Soweit die Klägerin auf das Produktinformationsblatt der Beklagten „Betriebsschließungsversicherung für Lebensmittel- und sonstige Betriebe“ Bezug nimmt (K 3), ändert das an der Rechtslage nichts. Die Information kann nicht den umfangreichen Inhalt der vertraglichen Regelung ersetzen. Sie zeigt nur schlagwortartig auf, was Gegenstand des Vertrags ist. Der Versicherungsschutz ergibt sich – für den Versicherungsnehmer ersichtlich – aus dem Versicherungsschein und den Bedingungen. Im Produktinformationsblatt ist sogar ausdrücklich und hervorgehoben vermerkt, dass es nicht vollständig ist und dass sich die vollständigen Informationen aus den Vertragsunterlagen ergeben.
5.2. Wirksamkeit
Wie oben dargestellt, handelt es sich um die Leistungsbeschreibung, so dass für § 1 AVB nur eine Transparenzkontrolle vorzunehmen ist, nicht aber eine weitergehende Wirksamkeitskontrolle. Zur Transparenz wird auf die obigen Ausführungen Bezug genommen.
5.3. Die Beklagte hatte auch keine Verpflichtung, die Klägerin – ohne Nachfrage – dahingehend zu beraten, dass nicht alle Betriebsschließungen nach der jeweils gültigen Fassung des IfSG versichert sind. Das ergibt sich daraus, dass – wie dargestellt – die vereinbarten Bedingungen das ausreichend aufzeigen. Grundsätzlich obliegt die Ermittlung des Risiko- und Bedarfsprofils dem Versicherungsnehmer selbst. Beratungspflichten des Versicherungsvertreters sind anlassbezogen und bestehen nur, wenn der Versicherungsnehmer erkennbar beratungsbedürftig war.
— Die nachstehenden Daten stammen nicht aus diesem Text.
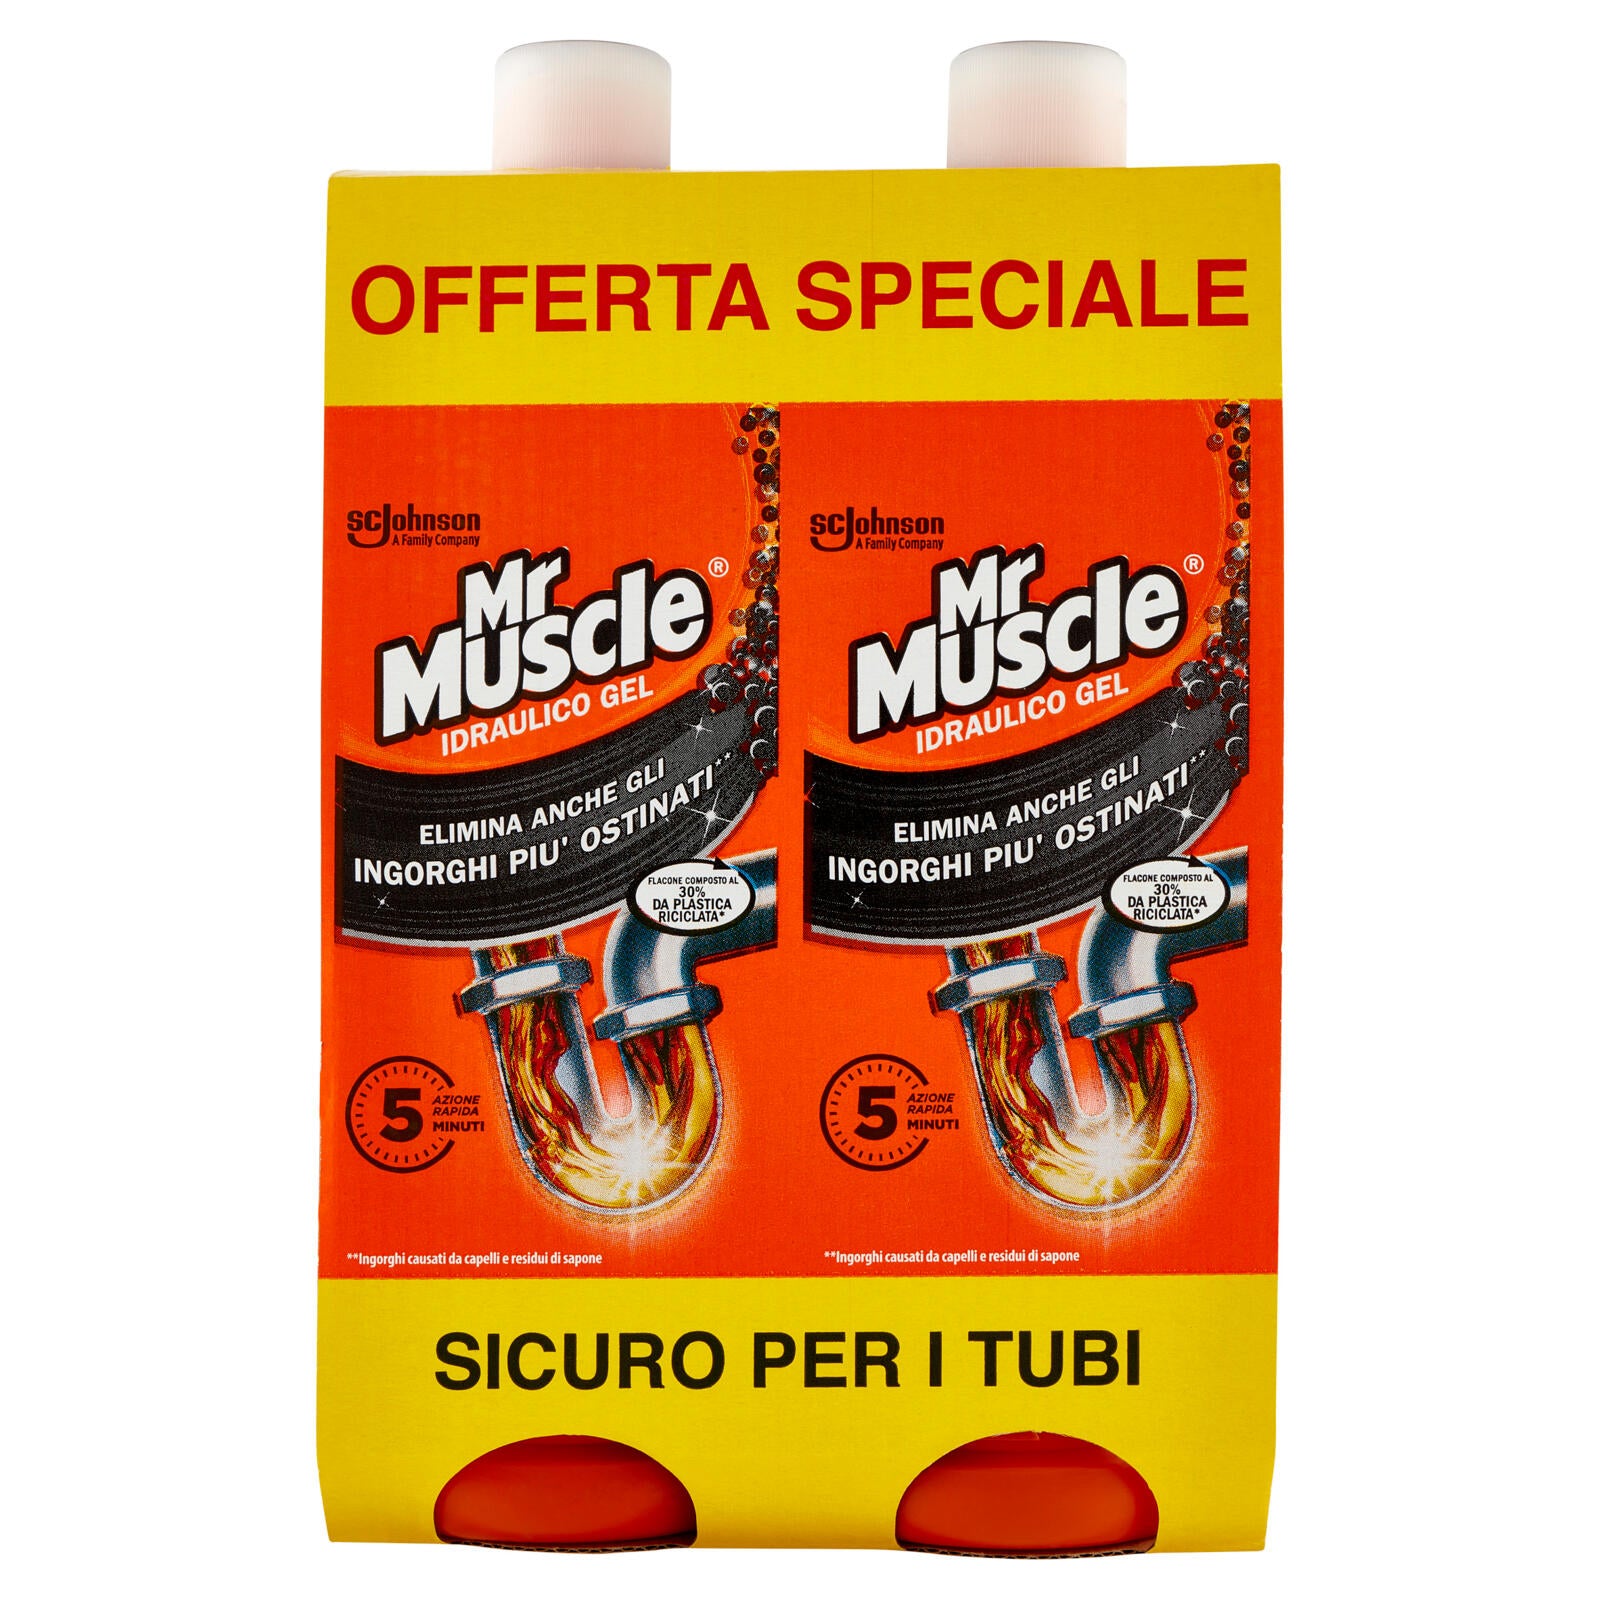 Mr muscolo idraulico gel offerta di PENNY

6. Soweit die Klägerin im Schriftsatz vom 16.11.2021 auf die Entscheidung der 13. Handelskammer beim Landgericht München I vom 19.10.2021 (13 HKO 15251/20, Anlage K 20 hinweist und dieser Entscheidung folgend die Auffassung vertritt, die streitgegenständliche Klausel sei unklar, folgt der Senat dem nicht. Liest man § 1 AVB unbefangen, so erkennt man, dass sich in § 1 III AVB ausführliche Auflistungen befinden, in denen Corona nicht enthalten ist. Davon, dass es sich nur um eine – keinen eigenständigen Regelungsgehalt aufweisende – Information über zur Zeit des Vertragsschlusses meldepflichtige Krankheiten handelt, kann ein um Verständnis bemühter Versicherungsnehmer nicht ausgehen (so auch Senat in den Verfahren 25 U 1174/21, 25 U 1640/21, 25 U 1947/21, 25 U1948/21, 25 U 3425/21, 25 U 3541/21, 25 U 3573/21, 25 U 3775/21, vgl. insoweit zu in den entscheidenden Punkten gleich formulierten Bedingungen: OLG Dresden Urt. v. 13.7.2021 – 4 U 287/21, BeckRS 2021, 21604 beckonline oder auch OLG Stuttgart Urt. v. 10.6.2021 – 7 U 411/20).
Die Kostenentscheidung ergibt sich aus § 97 Abs. 1 ZPO. Die Entscheidung zur vorläufigen Vollstreckbarkeit beruht auf § 708 Nr. 10, § 709 Satz 2, § 711 ZPO. Die Revision zum Bundesgerichtshof (§ 133 GVG, § 8 Abs. 2 EGGVG, § 7 Abs. 1 EGZPO) war gemäß § 543 Abs. 2 Satz 1 ZPO mit Blick auf das Urteil des Oberlandesgerichts Karlsruhe vom 30. Juni 2021 (12 U 4/21, juris) zuzulassen (vgl. BGH, Beschluss vom 13. Mai 2009 – IV ZR 217/08, r+s 2009, 340 Rn. 2; vom 13. Februar 2013 – IV ZR 260/12, r+s 2013, 282 Rn. 10; vom 15. Februar 2017 – IV ZR 202/16, VersR 2017, 948 Rn. 7; BeckOK-ZPO/Kessal-Wulf, 2021, § 543 Rn. 19, 26, § 545 Rn. 13; Zöller/Heßler, ZPO, 33. Aufl., § 543 Rn. 13).
Die Festsetzung des Berufungsstreitwerts beruht auf §§ 47, 48 GKG, § 3 ZPO.